• Guest, The rules for the P & N subforum have been updated to prohibit "ad hominem" or personal attacks against other posters. See the full details in the post "Politics and News Rules & Guidelines."

Discussion Intel current and future Lakes & Rapids thread

Page 470 - Seeking answers? Join the AnandTech community: where nearly half-a-million members share solutions and discuss the latest tech.

DrMrLordX

Lifer
Apr 27, 2000
17,657
6,651
136
My point was simply that the claims of MTL in Q4'23-Q1'24 are, at this point, complete speculation, given Intel's last statement on the matter (and after the 7nm delay) is that they'd ship a year earlier than that.

When will MTL actually ship? Darned if I know. Probably Q1'23 at best. But I feel like if someone is going to assert a full year delay from the official timeline, they should at least justify that claim.
I think some of us are still feeling sore over Intel's infamous 10nm launch in 2017. Nobody wants Meteor Lake to be another Cannonlake, yet . . .
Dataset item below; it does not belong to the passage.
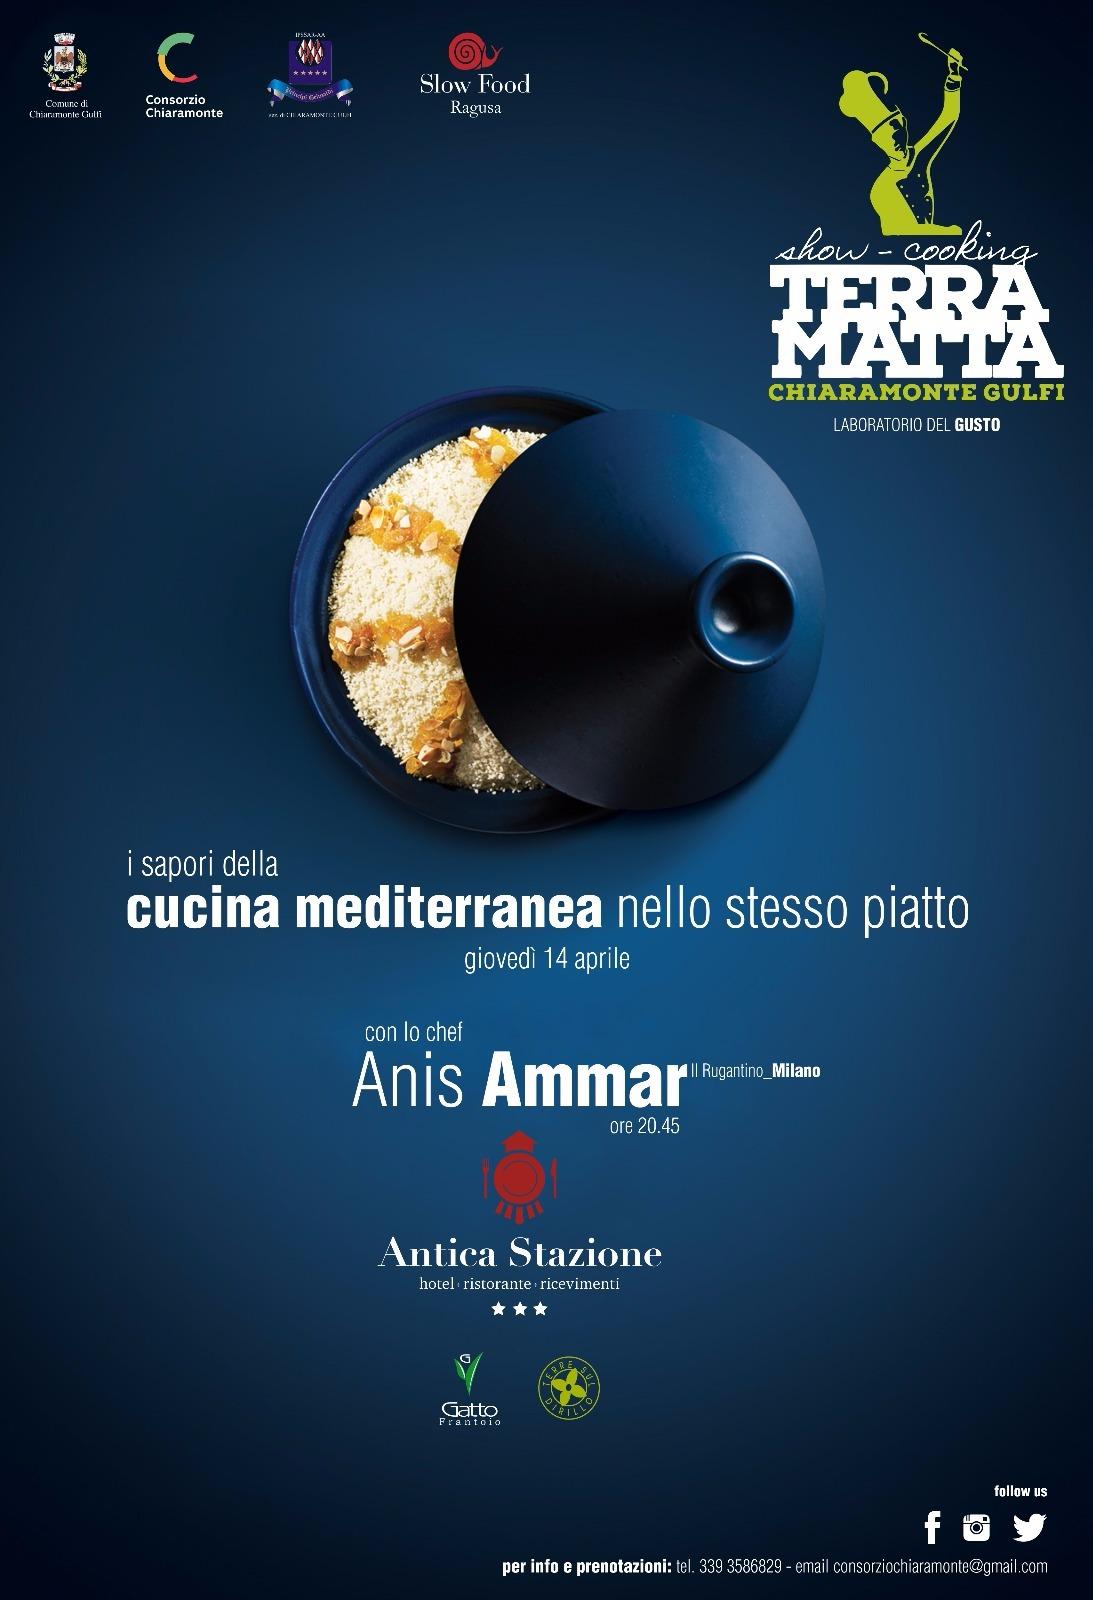 I sapori della cucina mediterranea nello stesso piatto. Giovedì 14 aprile 2016 a Chiaramonte Gulfi il primo appuntamento del Laboratorio del Gusto Terra Matta

Then I got hammered for being too pro-Intel in an Intel thread. ¯\_(ツ)_/¯
Fair enough.

I know you still can't buy Ice Lake-SP. Honestly though, 90% of everything on Dell, HP, and Lenovo's sites right now is shipping Aug-Oct. It's frustrating.
Well problem is . . . like, if you tried buying IceLake-SP rackmounts two months ago, you still got an August delivery. There's really never been an earlier delivery date for IceLake-SP rackmounts from Dell, or anyone else that I can tell, unless you were a hyperscalar that got early shipments. Everything's delayed for various reasons, but 1-2 months delay on a Cascade Lake-SP system in March was April, not August. Does that make sense?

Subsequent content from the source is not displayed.